The argument that some would make regarding the criticism of the human characters in the MonsterVerse is that audiences aren’t watching these films for the people, and are instead tuned in to see large scale action sequences featuring some of the most iconic monsters in cinema history. And, if that is your primary draw to The New Empire, you’ll likely come away satisfied. The action is unrelenting for virtually the entirety of the film, most involving Kong fighting other creatures in Hollow Earth. And it’s because much of the film is set on Hollow Earth with gargantuan creatures fighting one another that it loses its sense of grandiosity and scale. Godzilla in Gareth Edwards’ 2014 film was terrifying in size when compared to buildings, cars, and people he was surrounded by. But, in The New Empire, the screen is often occupied by the monster without reference to humans or buildings, which, in turn, makes the action feel less grand than prior installments. Later in the film, this issue is ameliorated as Godzilla and Kong shine in a particularly dazzling action sequence set at the pyramids in Egypt. Not only is this is the film’s most visually impressive scene, but it also remarkably conveys the immense scale of these creatures.
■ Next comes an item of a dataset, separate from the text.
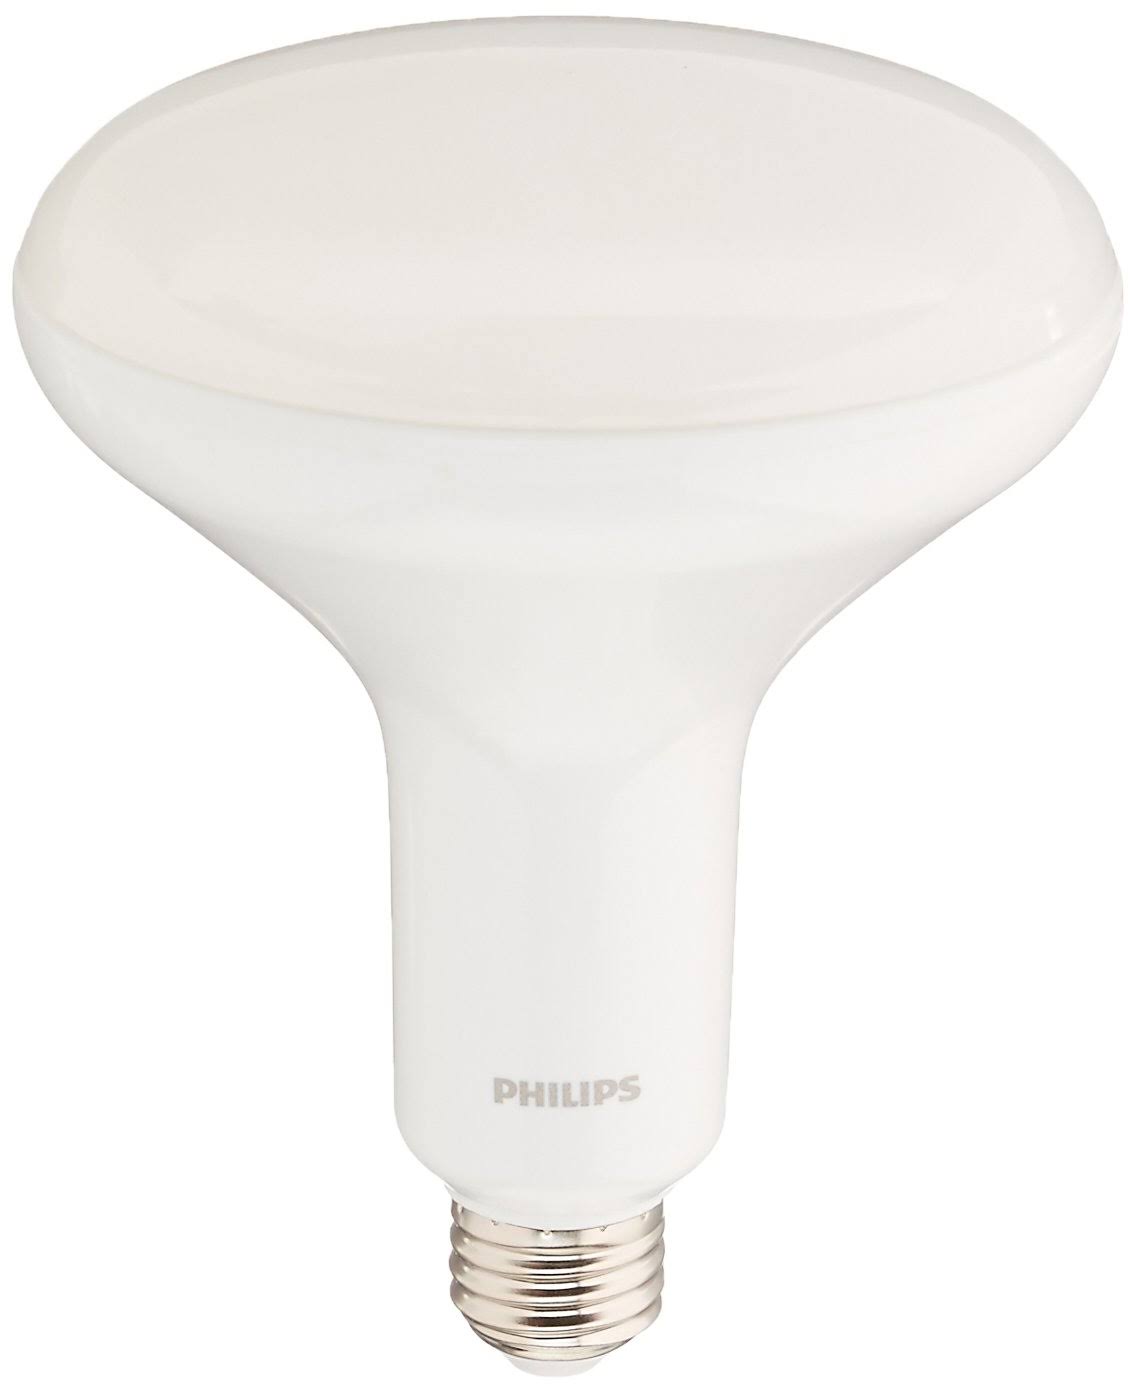 Philips Led Dimmable Flood Light Bulb - BR40, Soft White, 9W, 120V

Beyond this sequence, the CGI-heavy action continues to be fun and easy to watch, although Scar King is ultimately a rather uninteresting villain.
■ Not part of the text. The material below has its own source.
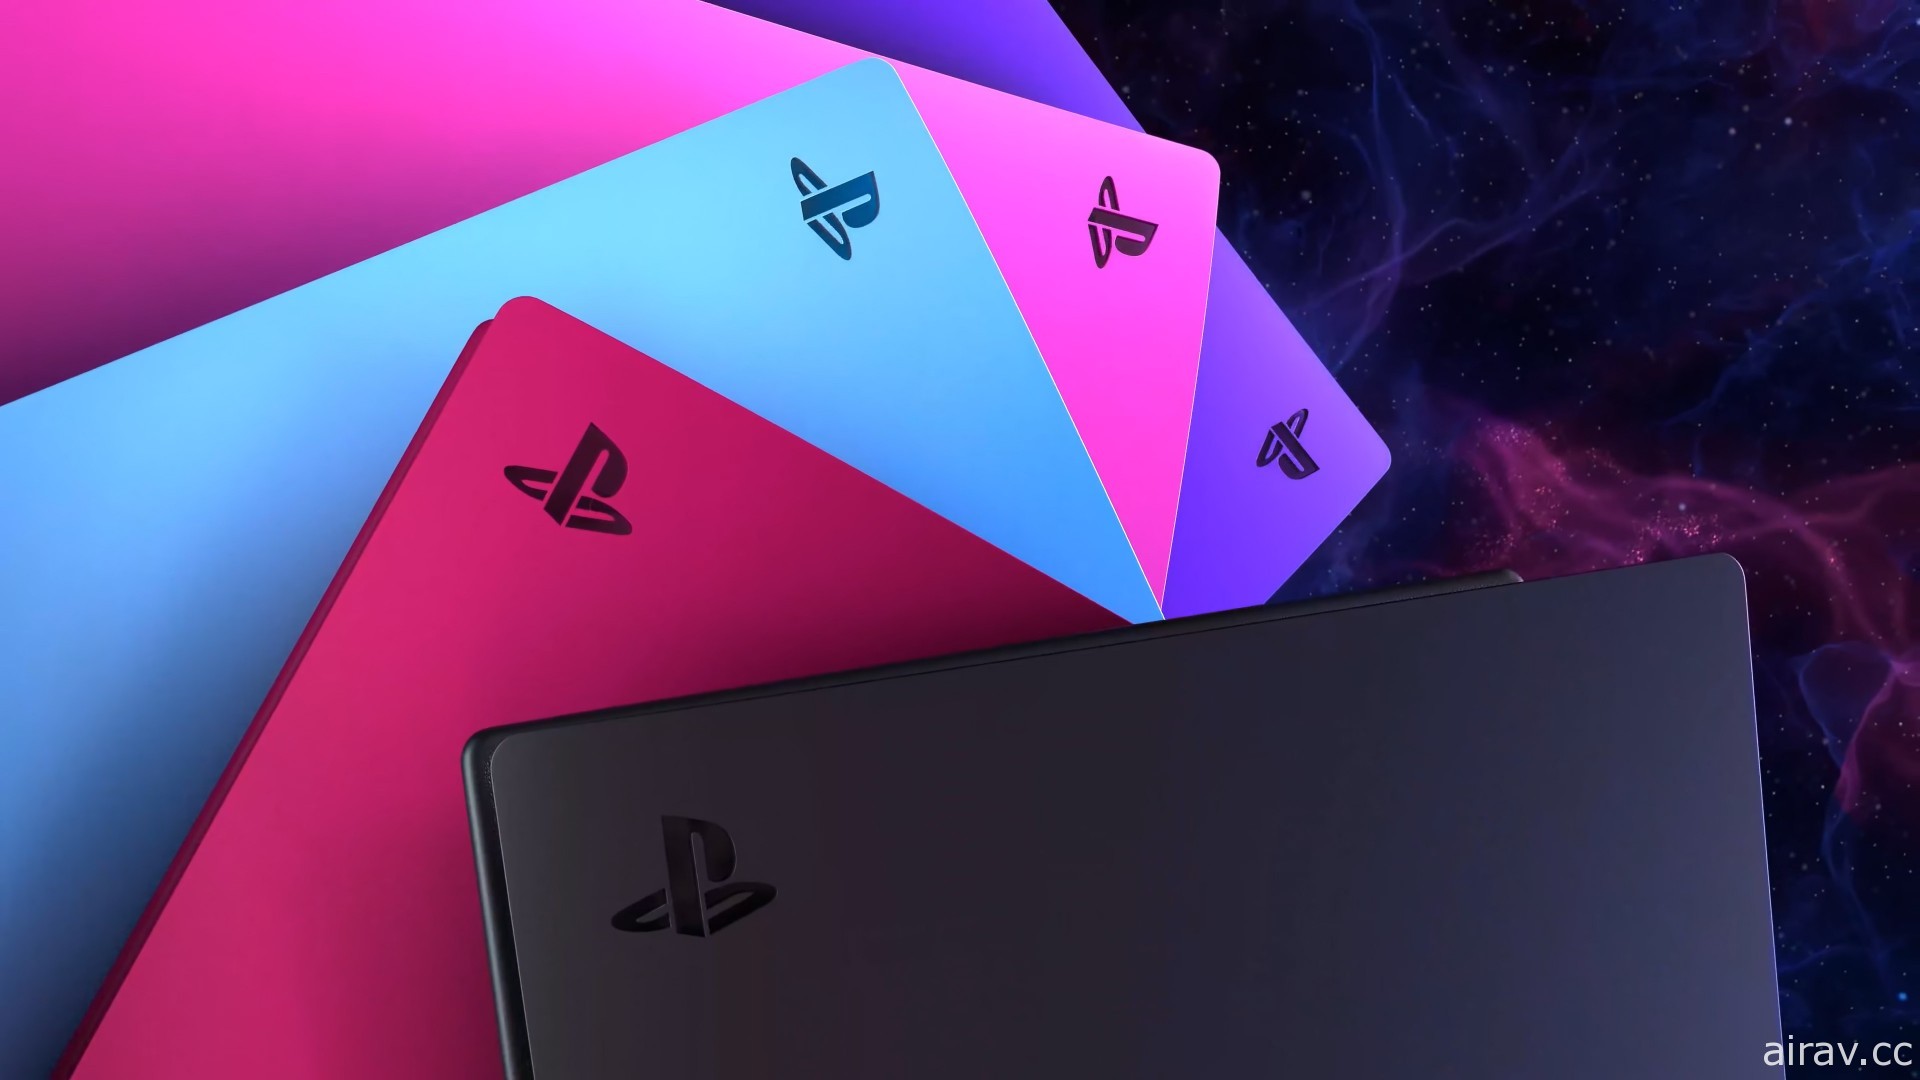 全新银河系色彩配色 PS5 主机护盖“星光蓝”“银河紫”“星幻粉”6 月在台上市

Godzilla x kong new empire review

VERDICT: 5/10

Godzilla x Kong: The New Empire is the latest installment in an inconsistent cinematic universe. A streamlined approach to the cast and plot make for a film that is more approachable and enjoyable than some of the recent additions, although anyone looking for the kind of emotion that Godzilla Minus One recently had will come away disappointed. The massive scale action sequences, meanwhile, are expectedly grand and entertaining, especially a fight between Kong and Godzilla in Egypt. Kong is ultimately the film’s most interesting character, while Godzilla is relatively sidelined. A disappointing villain and failed humor further take away from The New Empire, a movie that, while an improvement over some of the series’ recent installments, lacks a much-needed spark.